Performance

Le Sacre du Printemps, 2007
+ Salut für Caudwell, 2005

Xavier Le Roy

Le Sacre © Vincent Caravoc
Le Sacre © Vincent Caravoc

27.03.19 — 20:30

CN D Pantin

Le Sacre du Printemps (The Rite of Spring) (2007)

This “Rite” proceeds from an inversion: instead of a choreography for dancers, in an umpteenth variation of the iconic piece written by Nijinsky, Xavier Le Roy sets about staging the gestures of the conductor as he directs the performance of Stravinsky’s music. Inspired by a documentary about the Berlin Philharmoniker, Rhythm is it!, the choreographer examines the relationship between music and movement while upsetting their order of causality. For, such gestures are the real motors of music as much as they are determined by it, in a way that intention and execution seem to become mingled.
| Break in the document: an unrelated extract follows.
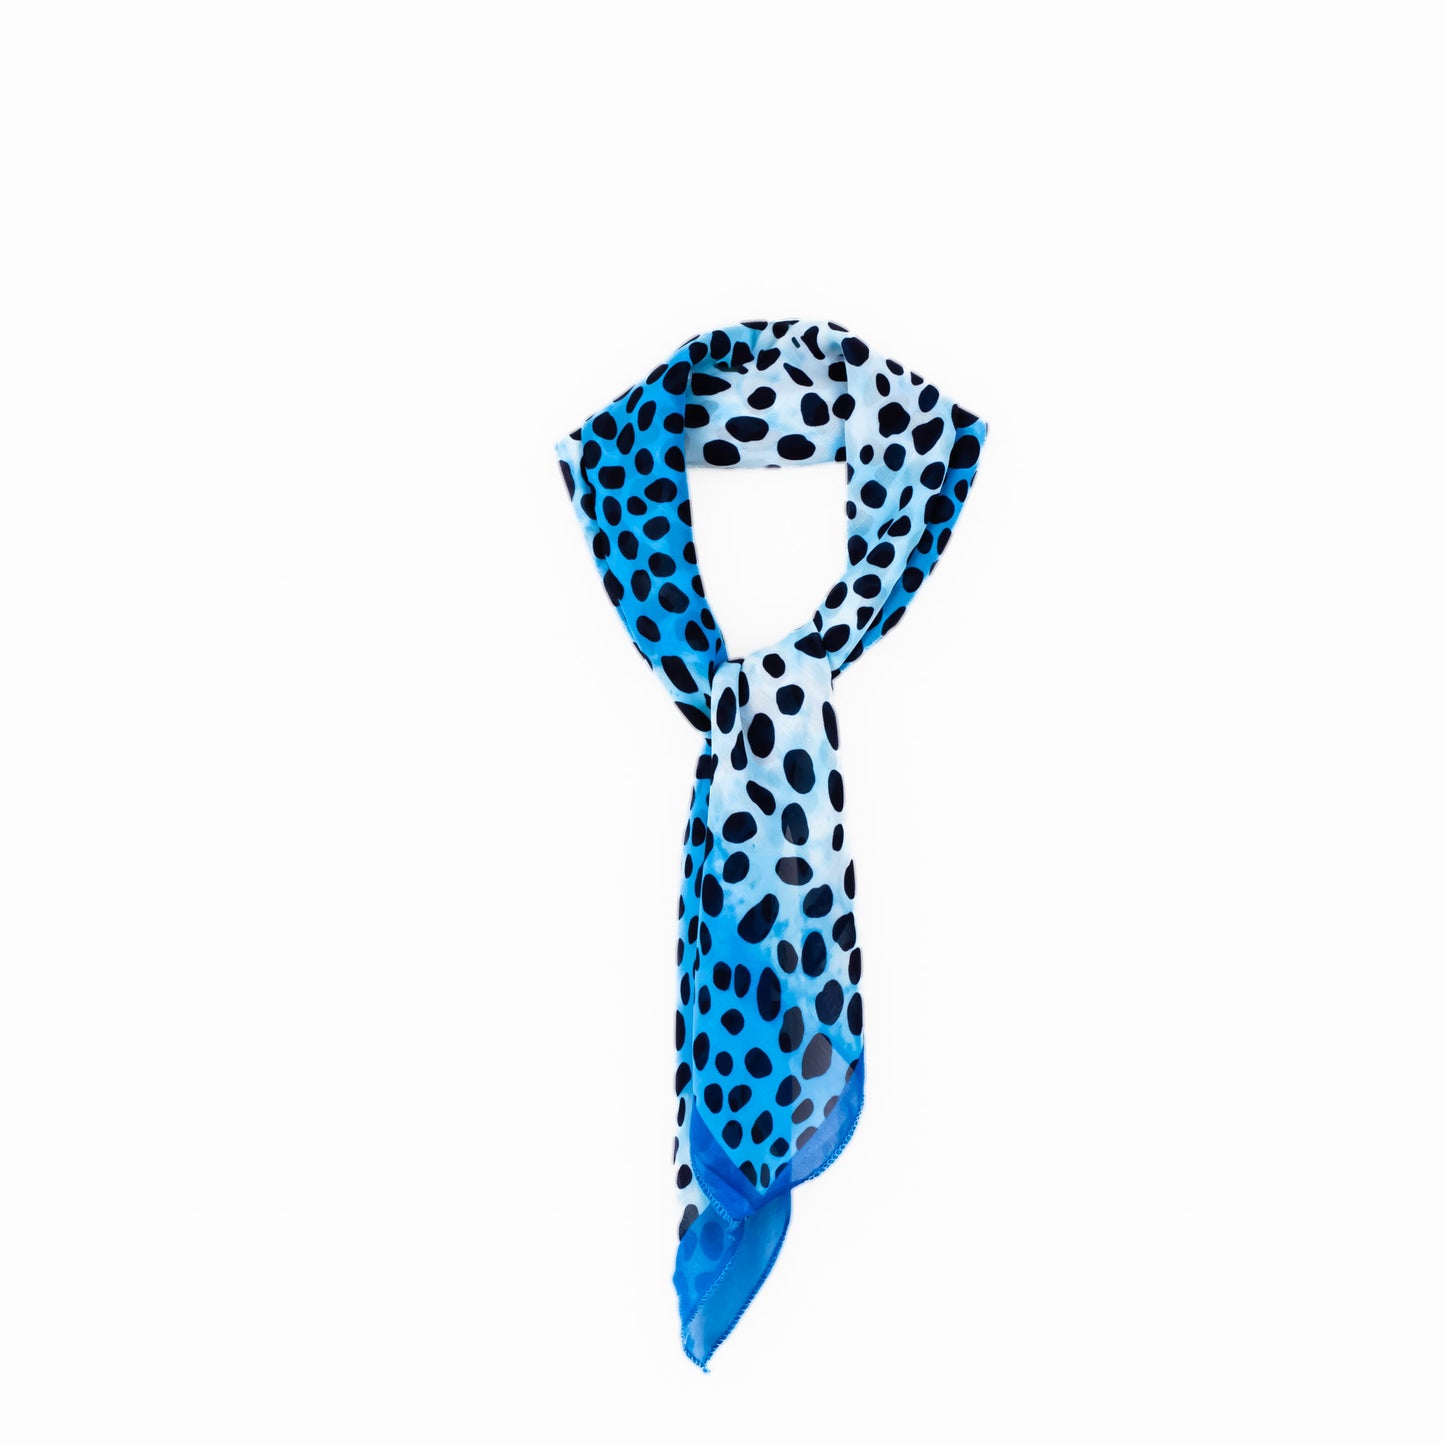 Eșarfă damă din mătase cu animal print în degrade, 65 x 65 cm - Albastru
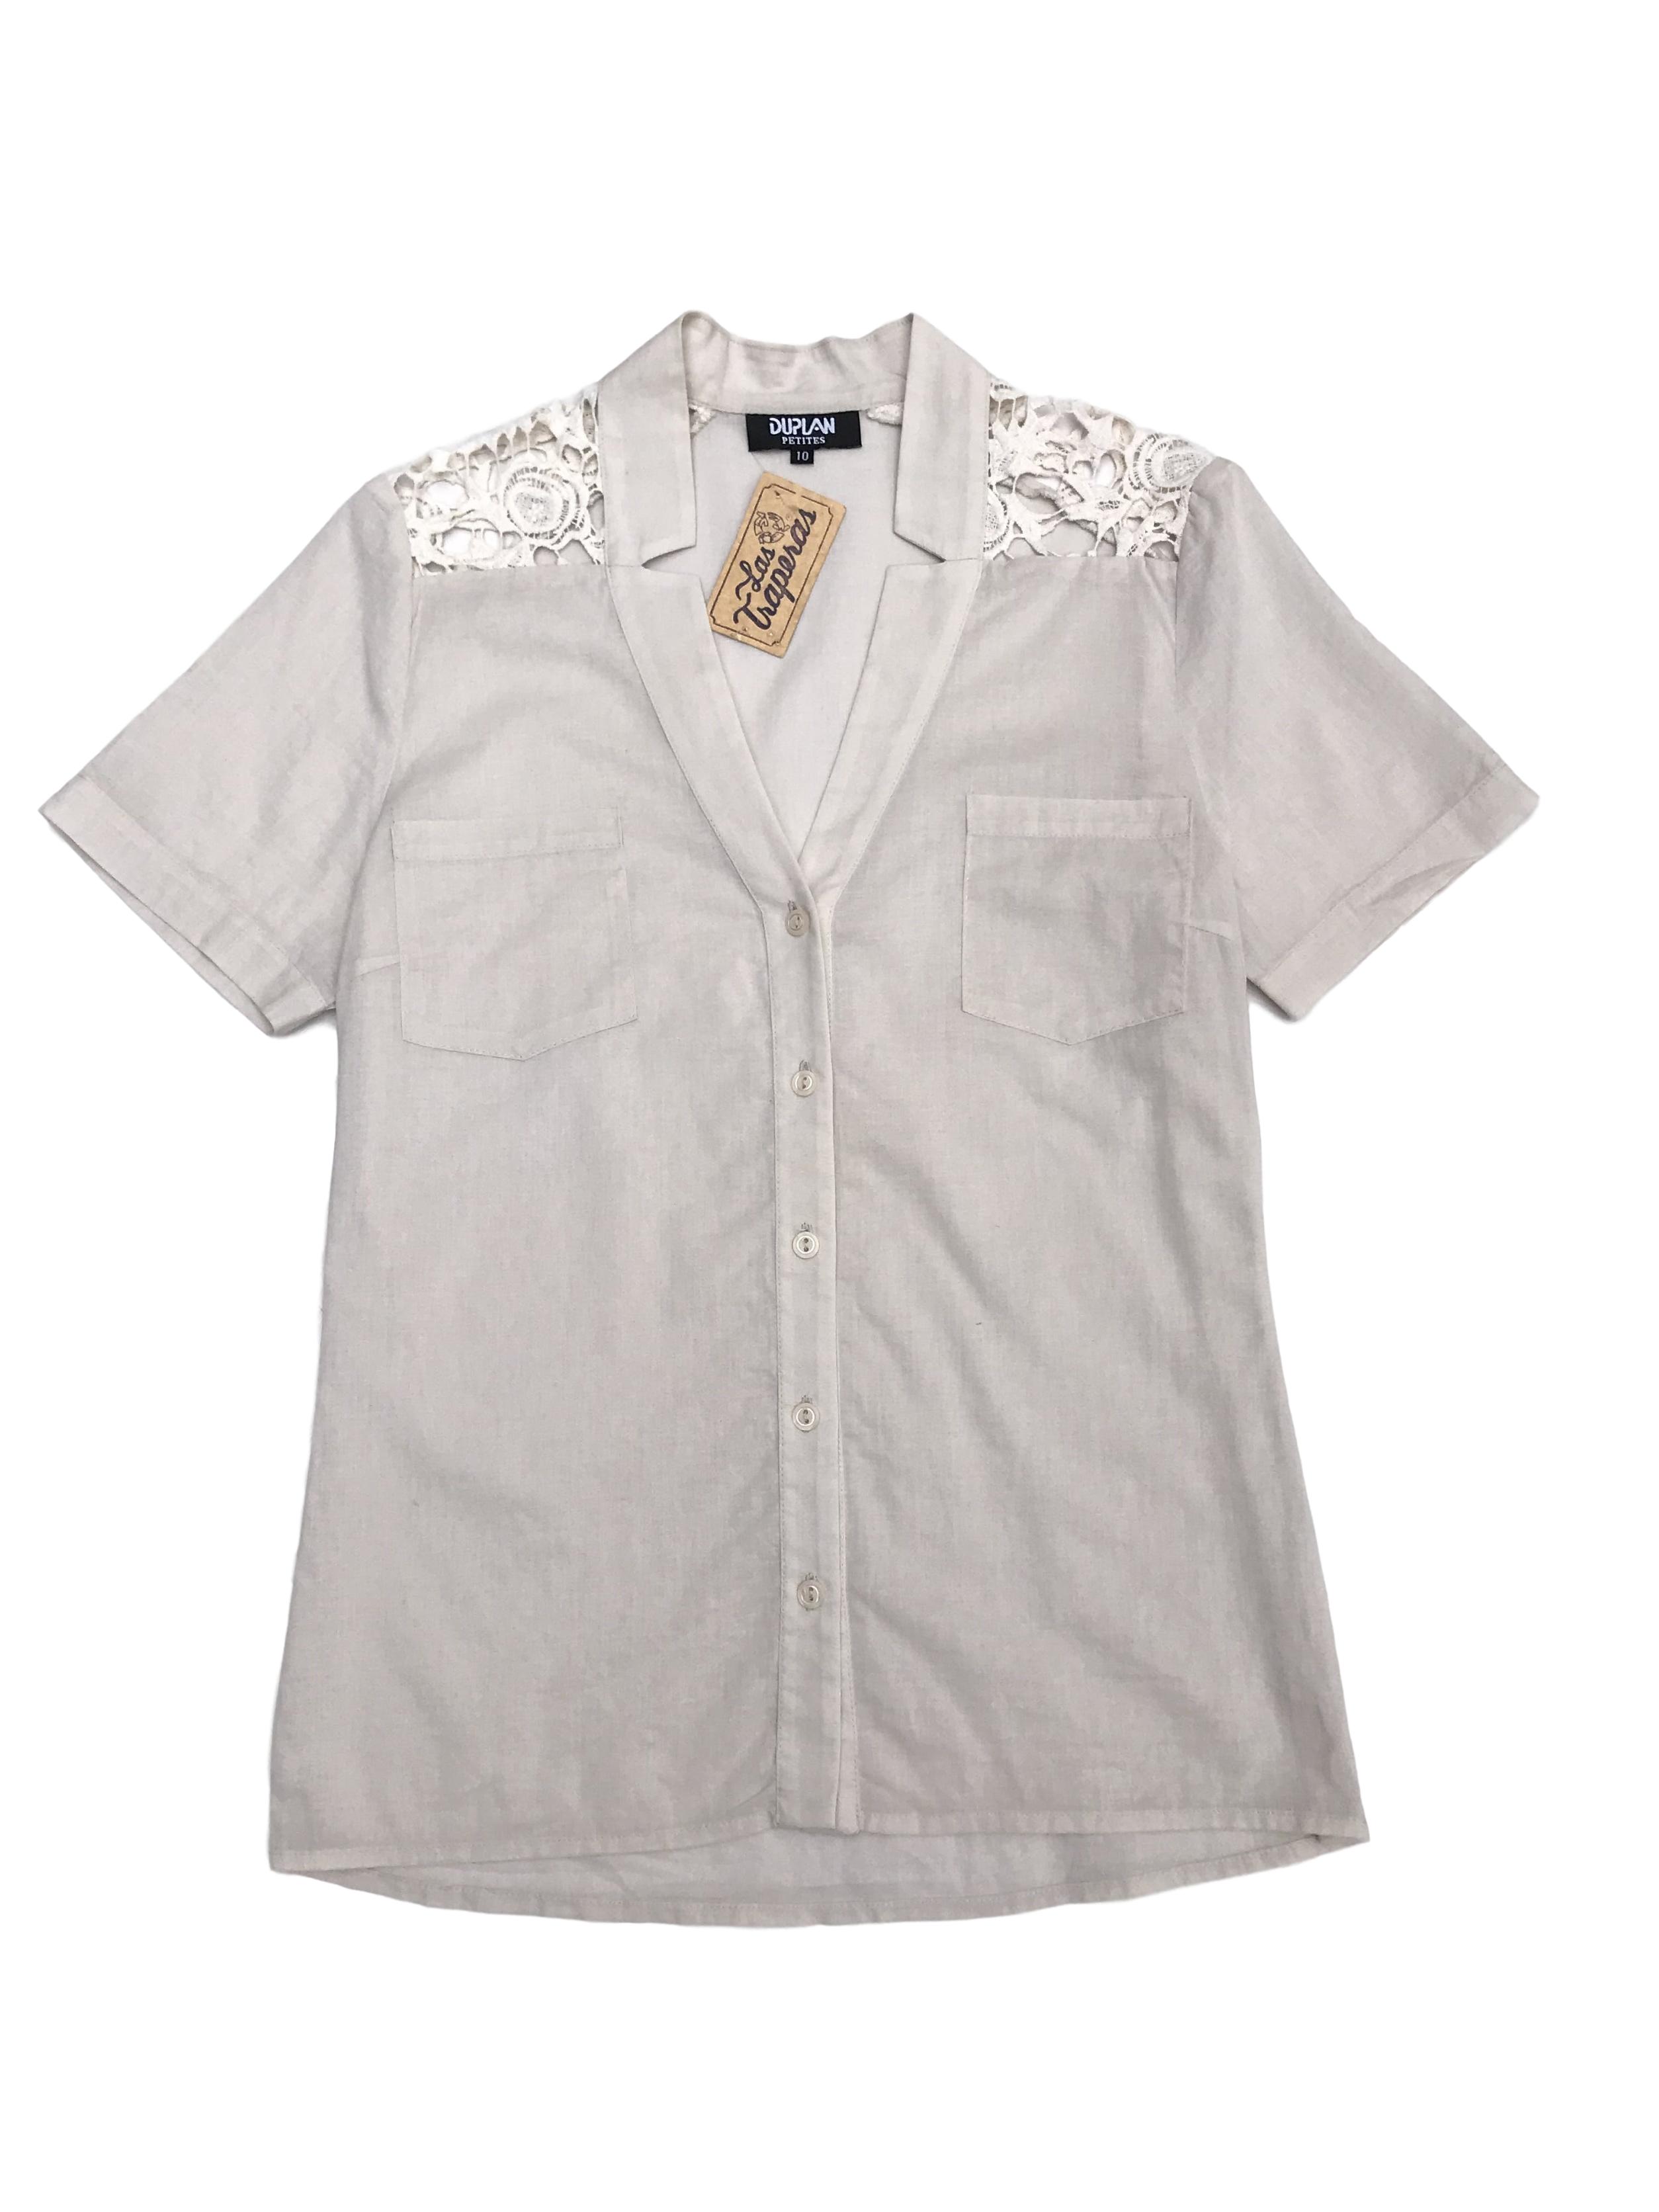 Blusa crema con botones y bolsillos delanteros, encaje en los hombros, tela tipo algodón camisa

What Xavier Le Roy calls the “synchronising machine”, of seeing and hearing, is thus based on the possibility of an aesthetic, temporal community between the conductor, the spectators and the musicians. The bodily experience of listening is accordingly no longer apprehended as a purely auditory phenomenon, but as an incarnated process, out-smarting the expectations of the public and reinventing the conditions of their reception.

 

Salut für Caudwell (2005)

This extract from the project Mouvements für Lachenmann, Staging of an Evening Concert (2005), conceived in honour of the seventieth birthday of the German composer, Salut für Caudwell is the first piece in a series of shows, written through a musical interpretation of pre-existing works. In this case, it is a 1977 composition, dedicated to the British poet Christopher Caudwell, who fell in combat during the Spanish Civil War, which sets to music a Marxist-inspired pamphlet against bourgeois thought. The schema conceived for four performers, instead of the two guitarists as initially planned, dissociates the music played in the wings from the interpretation being mimed on the stage. The detachment produced between the two guitarists, who are out of sight, and two other musicians, who execute the original score without instruments, deconstructs the usual identification between the visible and the audible. Xavier Le Roy also adopts Lachenmann’s indications (“muffled” sounds, “the most neutral possible diction, almost as though read out aloud”…) so as to translate them into gestures, going so far as to transform the sonic event and the musical playing into purely plastic objects.